Configuring Amazon Redshift as a Target
  • 6 Minutes to read
  • Dark
    Light
  • PDF

Configuring Amazon Redshift as a Target

  • Dark
    Light
  • PDF

Article summary

Introduction

This guide will walk you through the steps of setting up your first Amazon Redshift cluster and acquiring the essentials needed for integration with Rivery.

Important Note:

This connector is not compatible with Redshift Serverless.

Prerequisites

Before using this guide, ensure the following prerequisites are met:

Select a Source

Setting up a Target requires first selecting a Source and creating a connection to it.

Amazon Redshift Connection

Ensure that you have established a connection with Amazon Redshift as your Target.


Configuration Process

  1. Click the curved arrow next to Schema on the right side of the row. After the refresh is complete, click the row and choose the Schema where the data will be stored.
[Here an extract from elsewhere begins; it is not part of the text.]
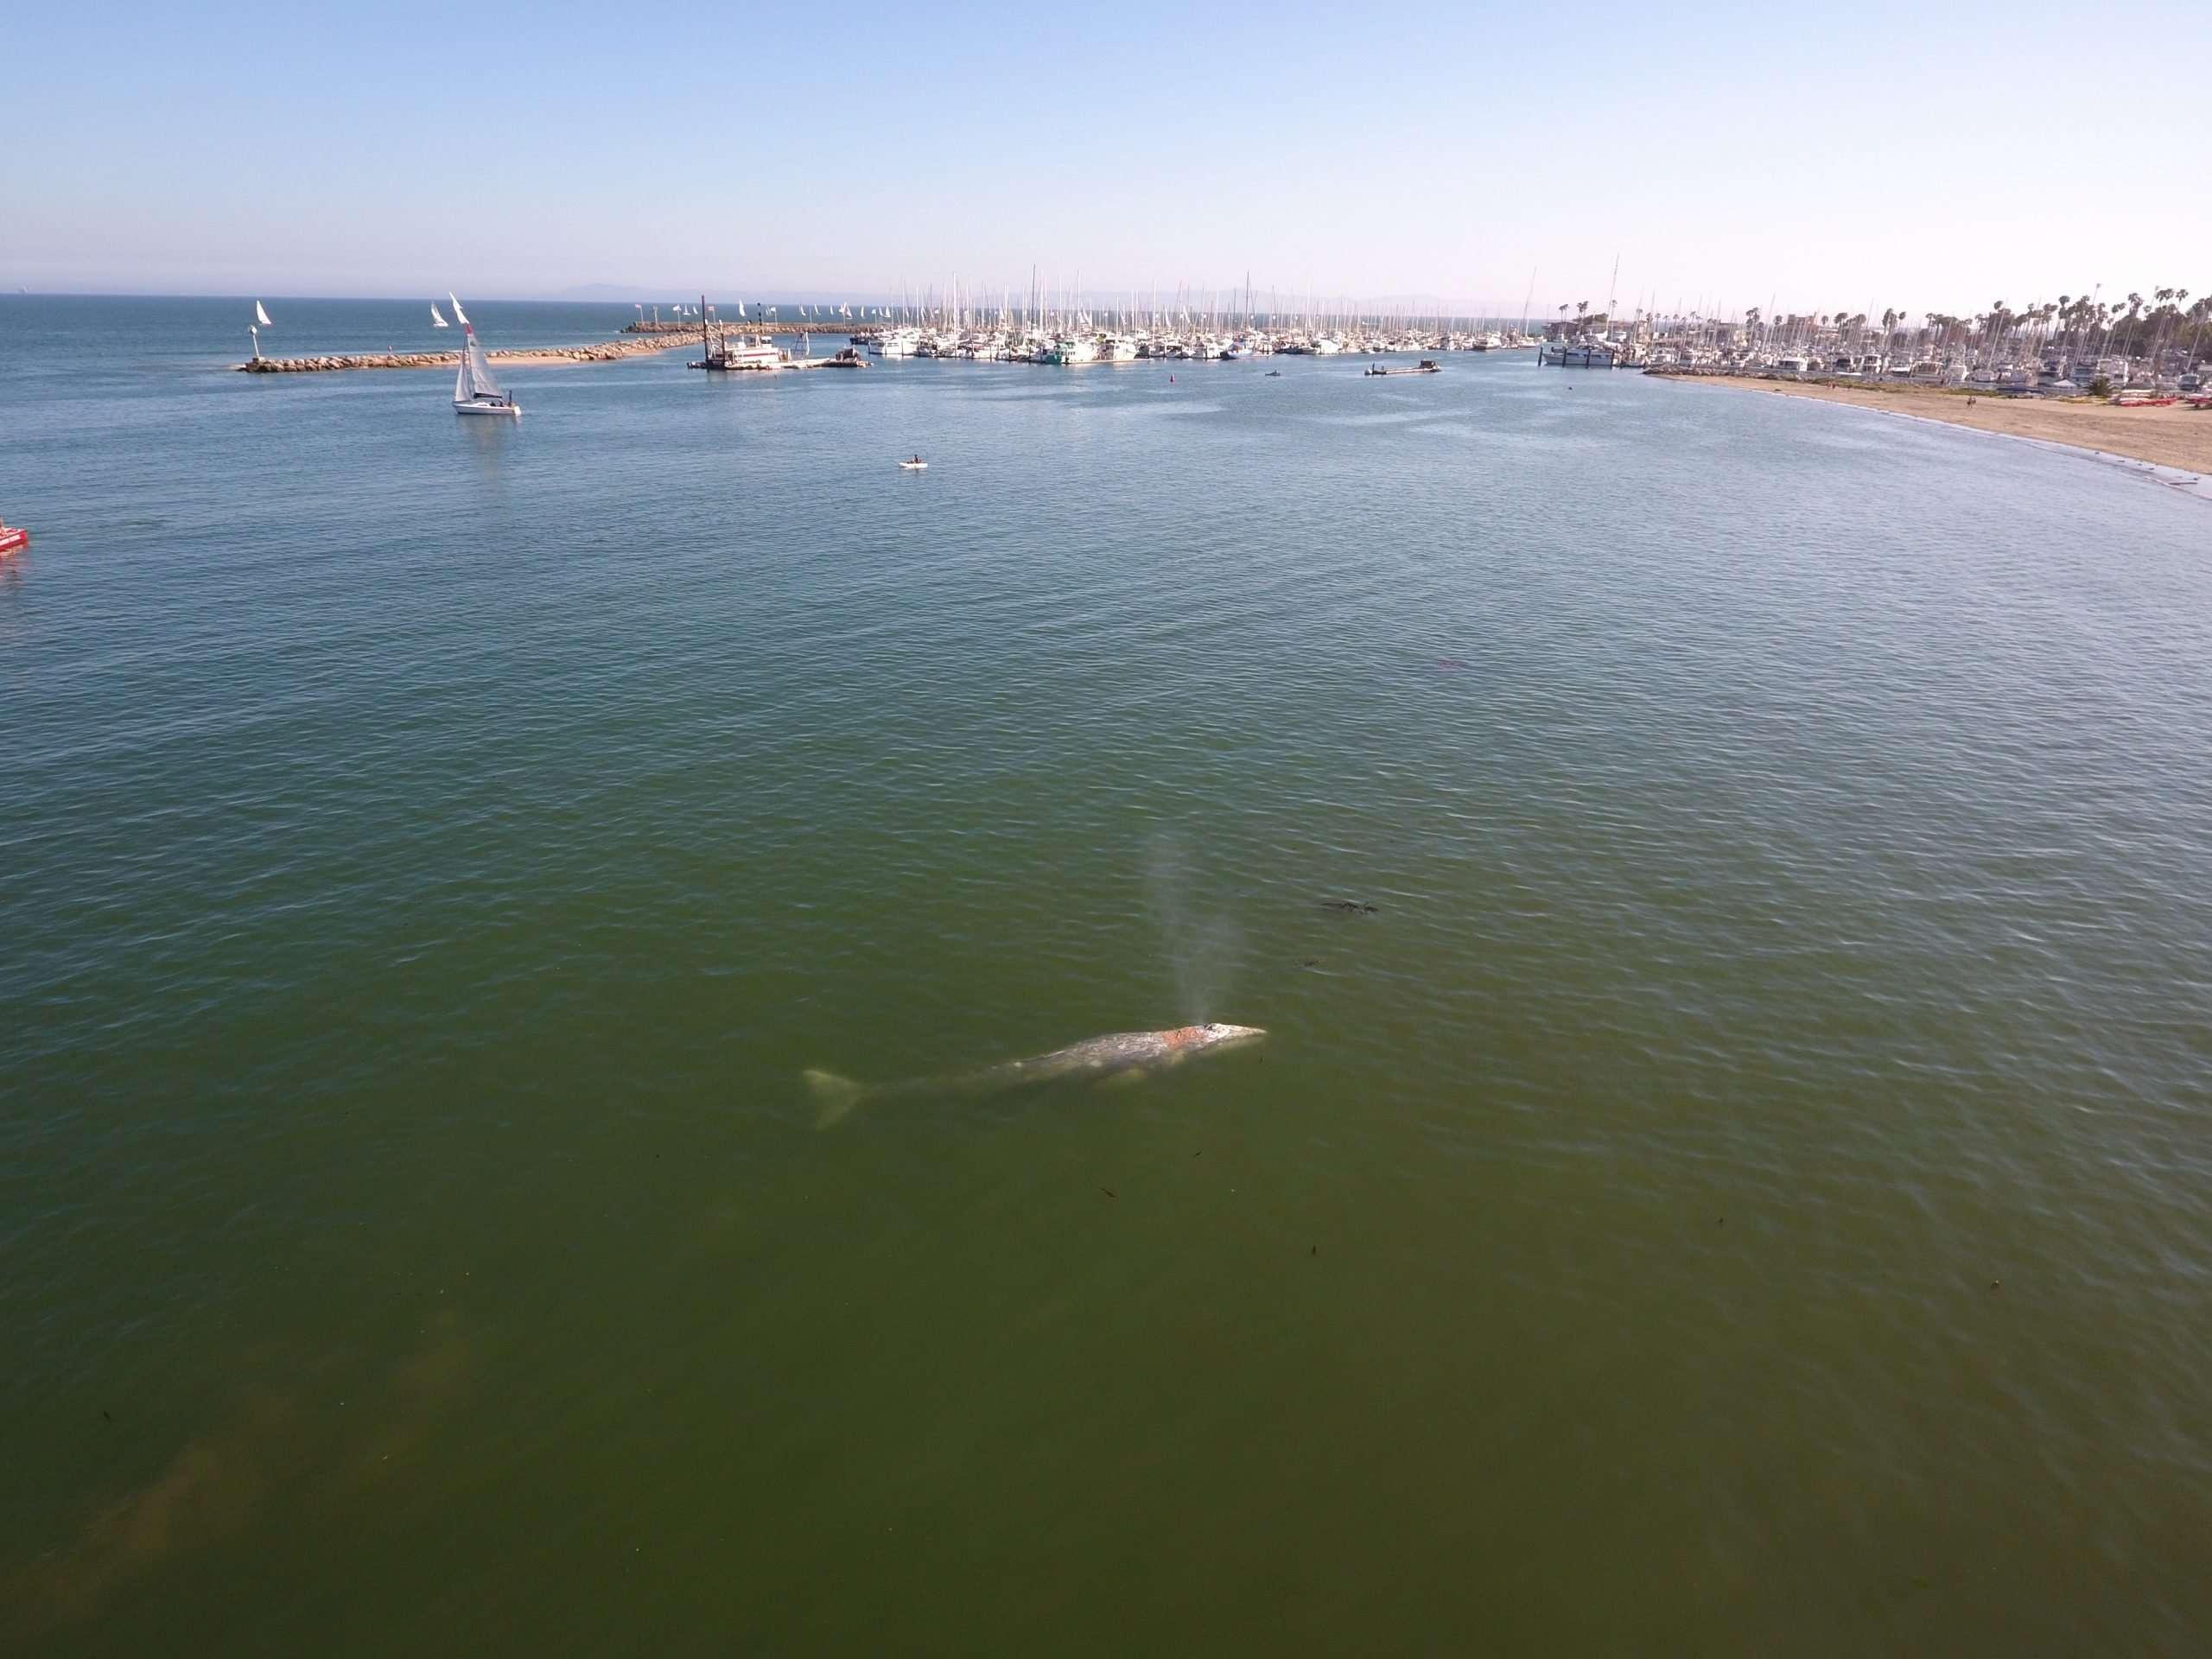 Whale off the Coast of Santa Barbara

  2. Enter the Table Name.

  3. Select a Distribution Method (Note that this option is available only when you select Custom Report, Custom Query or Legact River as the River Mode.):

    • All - Involves distributing a complete copy of the table to every node in the cluster. Best suited for tables that are rarely updated or are relatively static (slow moving). It's not typically beneficial for small tables, as the cost of redistribution during queries is low.
    • Even - Involves the leader node distributing data rows across slices in a round-robin manner, without considering the values in any specific column. This method is ideal for tables that are not involved in joins. It's also a suitable choice when neither KEY nor ALL distribution methods are clearly advantageous.
    • Key - Rows are allocated based on the values in a designated column. The leader node places rows with matching values in the same node slice. Particularly effective when distributing a pair of tables on their joining keys. This ensures that rows with matching values from the common columns are stored together physically, facilitating efficient join operations.
      It's important to remember that when using the Key Distribution Method, you must choose a single key column to perform the slicing.

    image.png

    Please Note:
    When using Multi-Tables or Predefined Reports as your River Mode, you have the option to choose a Distribution Method. This can be done in the Table Settings, which is accessible by clicking on a particular table in the Schema tab.
    image.png

  4. Set the Loading Mode.
    Please Note:
    Amazon Redshift offers the flexibility to choose different Merge methods. For more information about these options, please refer to the Amazon Redshift Upsert-Merge Loading Mode Options documentation.

image.png

  1. In the Additional Options menu, the following options are available:
  • Truncate Columns - is designed to handle instances where the length of an array exceeds the maximum VARCHAR length allowed in Redshift. Since Redshift's array type has limited flexibility and can change between different data loads, Rivery ensures compatibility by converting arrays into VARCHAR(max) type. However, if an array surpasses the maximum VARCHAR length, the Truncate Columns option, found under Advanced Options in the Target tab, can be used to truncate the array data to fit within Redshift's maximum size constraints.
  • Compression Update - updates the column compression in the target table during data loading. This action occurs only if the target table has not been previously created.
  • Keep Schema-Binding Views - ensures that all schema-binding views remain intact when employing upsert-merge or overwrite methods. If this option is not selected, any schema-binding views that depend on the target table will be dropped.
  • Add Rivery Metadata - designed to enhance the Target table by automatically including three columns: Rivery_last_update, Rivery_river_id, and Rivery_run_id. This feature also provides the flexibility to incorporate more metadata fields by utilizing expressions.
    Please Note:
    When the Source is in Multi Table mode, this option becomes available.

image.png

5.If you have configured a Custom File Zone, select a Bucket and specify a path where your data will be stored. Additionally, establish a timeframe for period partitioning within a FileZone folder.
Note: You can instruct Rivery to divide the data according to the data insertion day, the Day/Hour, or the Day/Hour/Minute. This means that Rivery will produce data files from your sources under folders that correspond to the correct partition you've selected.
6. Any Source to Target River can now send data to your Amazon Redshift Bucket.

image.png


Type Mapping

We match Redshift data types to Rivery data types as we extract your data.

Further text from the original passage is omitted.